Saking uniknya seorang manusia tak mungkin keadaan statis didapat, terlebih ketika bersosialisasi. Terkadang keunikan yang satu lebih menonjol daripada yang lain. Tidak terkecuali dominasi sebuah karakter. Maka bisa dipastikan dalam keadaan paling normal pun konflik akan hadir. Bahkan keadaan yang terlalu tenanglah yang memunculkan konflik.
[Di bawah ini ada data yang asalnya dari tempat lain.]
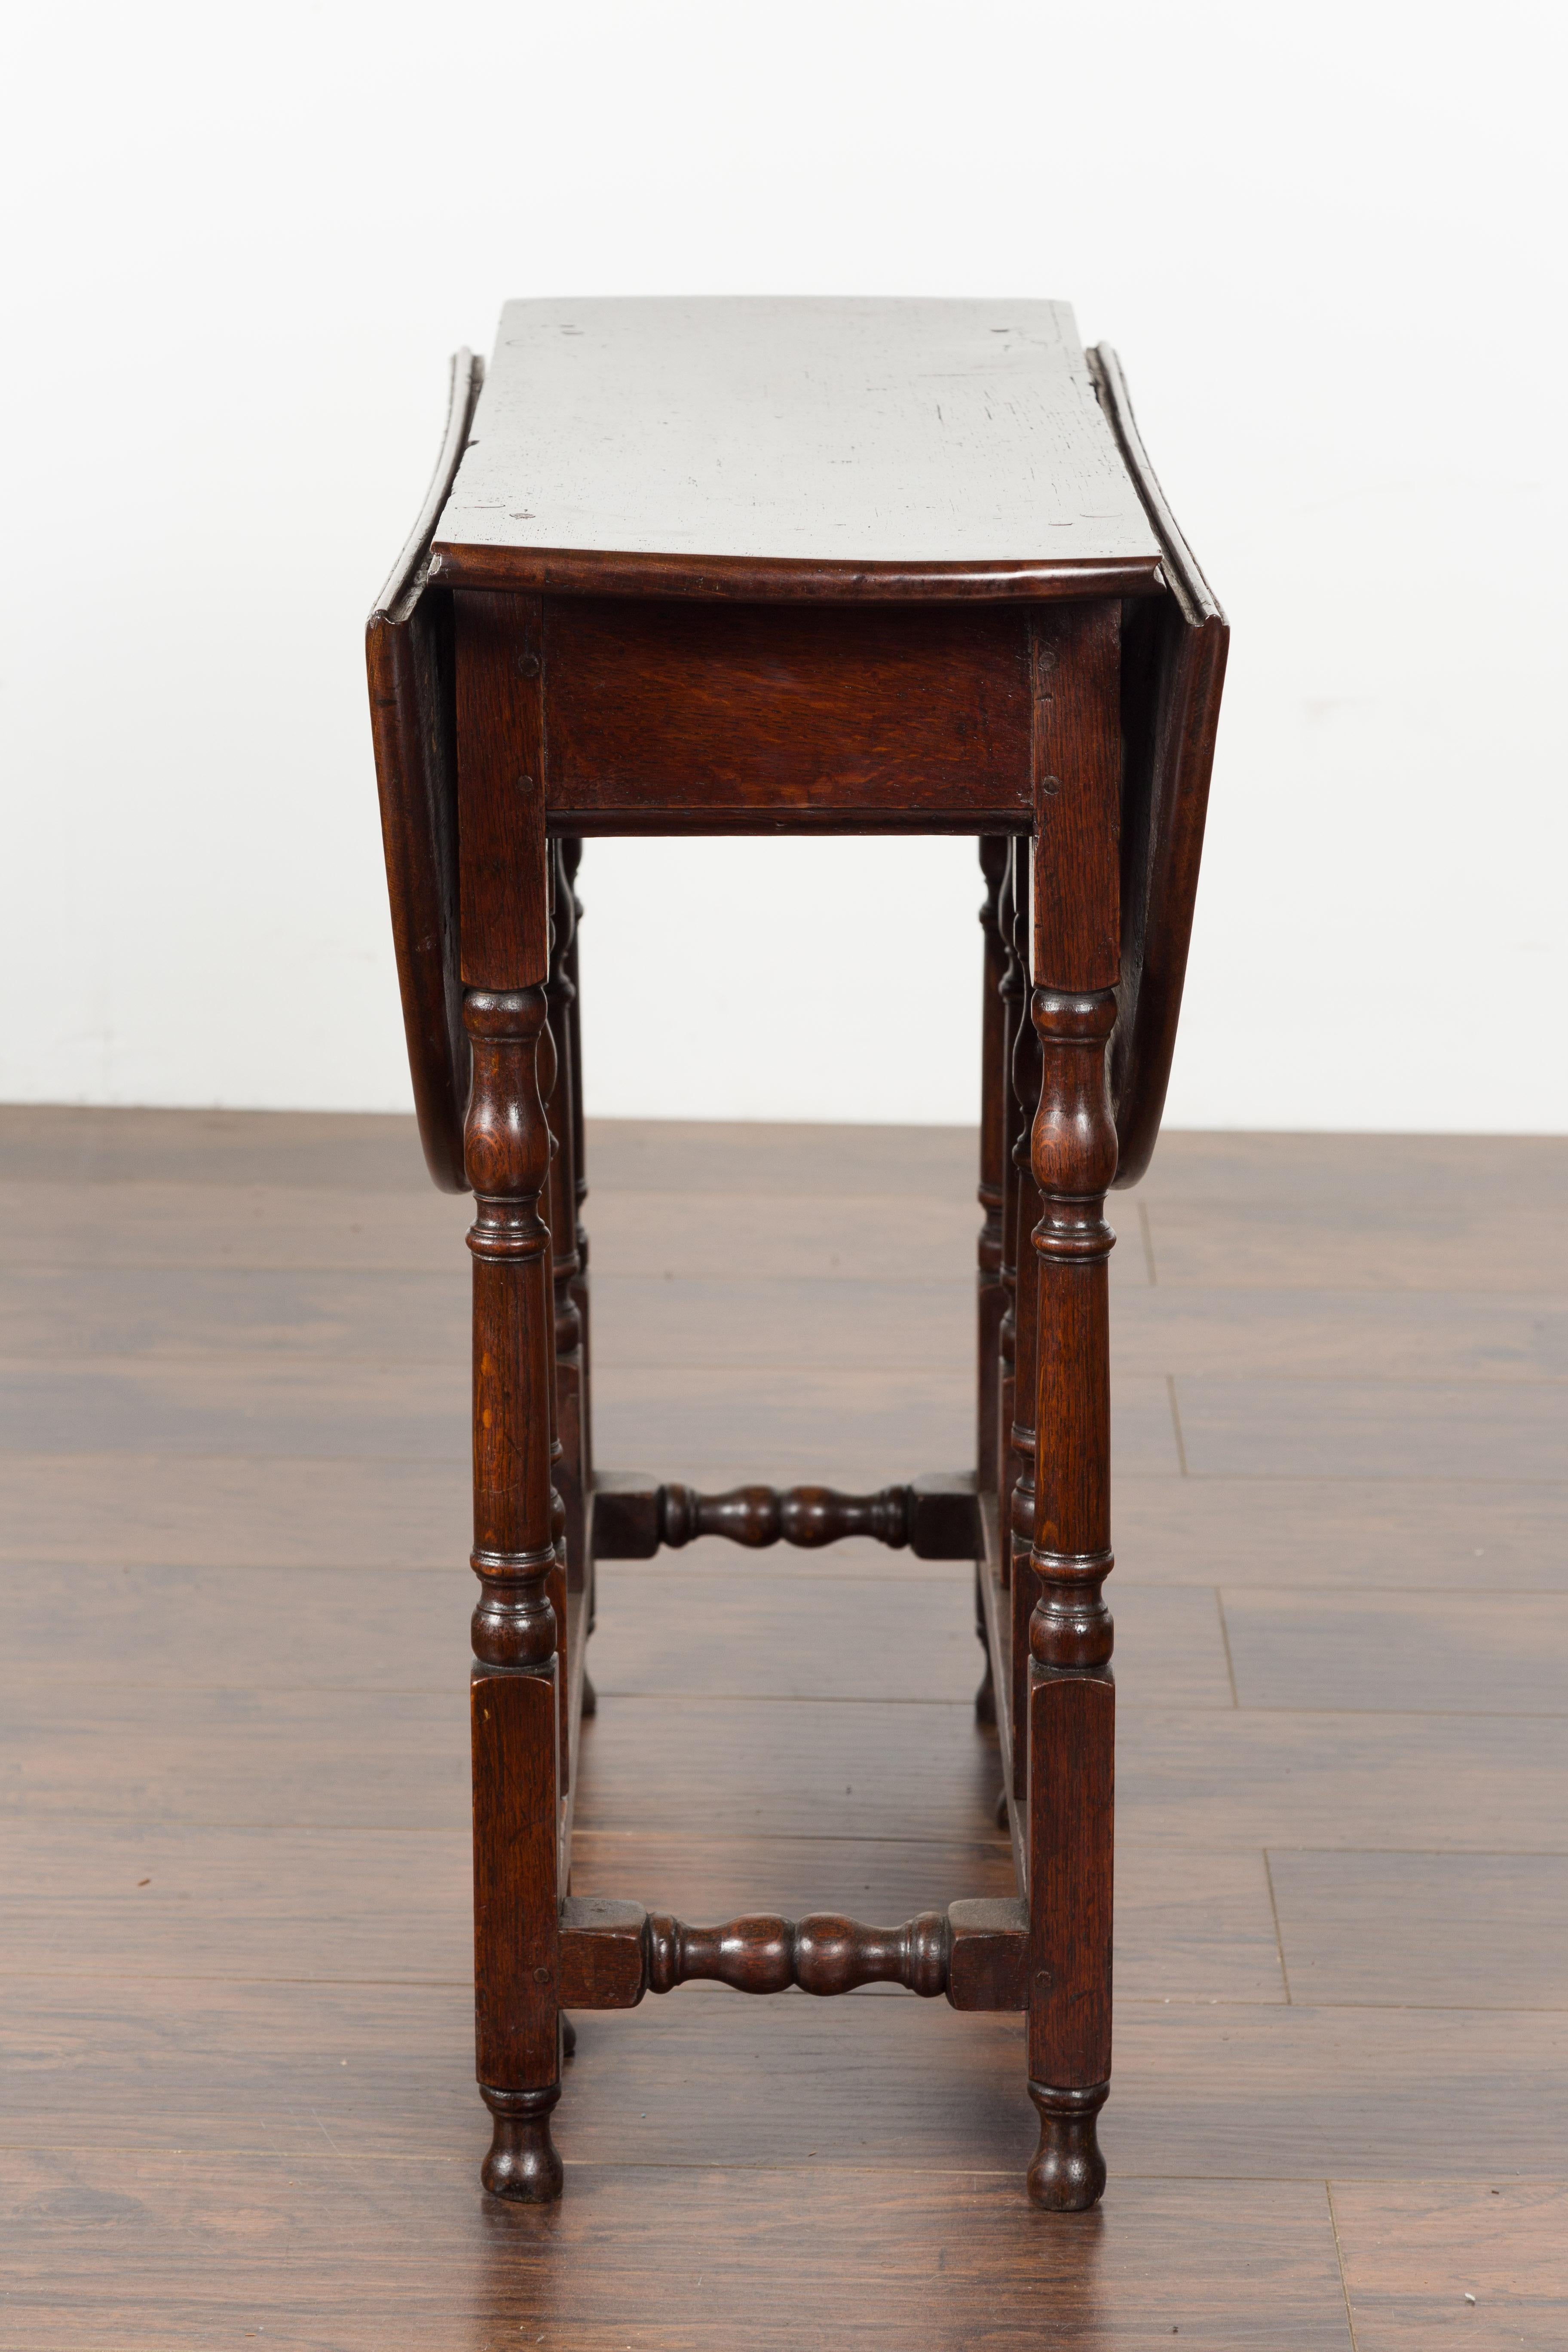 Petite English Oval Oak 19th Century Drop-Leaf Table with Baluster Legs For Sale 12

Melihat kondisi demikian, lalu bagaimana Islam memandang sebuah konflik?.
Konflik sebagai tanda belum ada kesepakatan
Kata sepakat atau mufakat dalam istilah musyawarah adalah tujuan. Dari sepakat tersebut ada kontrak bersama dimana akan mengesampingan keinginan pribadi diatas orang banyak. Maka indikasi kesepakatan dipaksakan adalah terjadinya konflik. Baiknya tentu berdiskusi ulang mengenai kesepakatan.
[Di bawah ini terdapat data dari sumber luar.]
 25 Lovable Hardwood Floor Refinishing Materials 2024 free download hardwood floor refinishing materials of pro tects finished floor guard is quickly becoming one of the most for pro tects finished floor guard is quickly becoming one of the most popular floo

Konflik Sebagai Ajang Intorspeksi
Alangkah indahnya bila setiap muslim selalu berintrospeksi terlebih dahulu ketika terjadi konflik. Selalu merasa mungkin saya salah dan dia benar, berpikir mungkin ada manifestasi saya sehingga dia demikian. Maka dipastikan konflik akan menjadi indah dan tidak membesar kepada pertikaian. Seperti perkataan psikolog ternama ‘ketika kita tidak bisa mengubah orang lain, maka rubahlah diri sendiri’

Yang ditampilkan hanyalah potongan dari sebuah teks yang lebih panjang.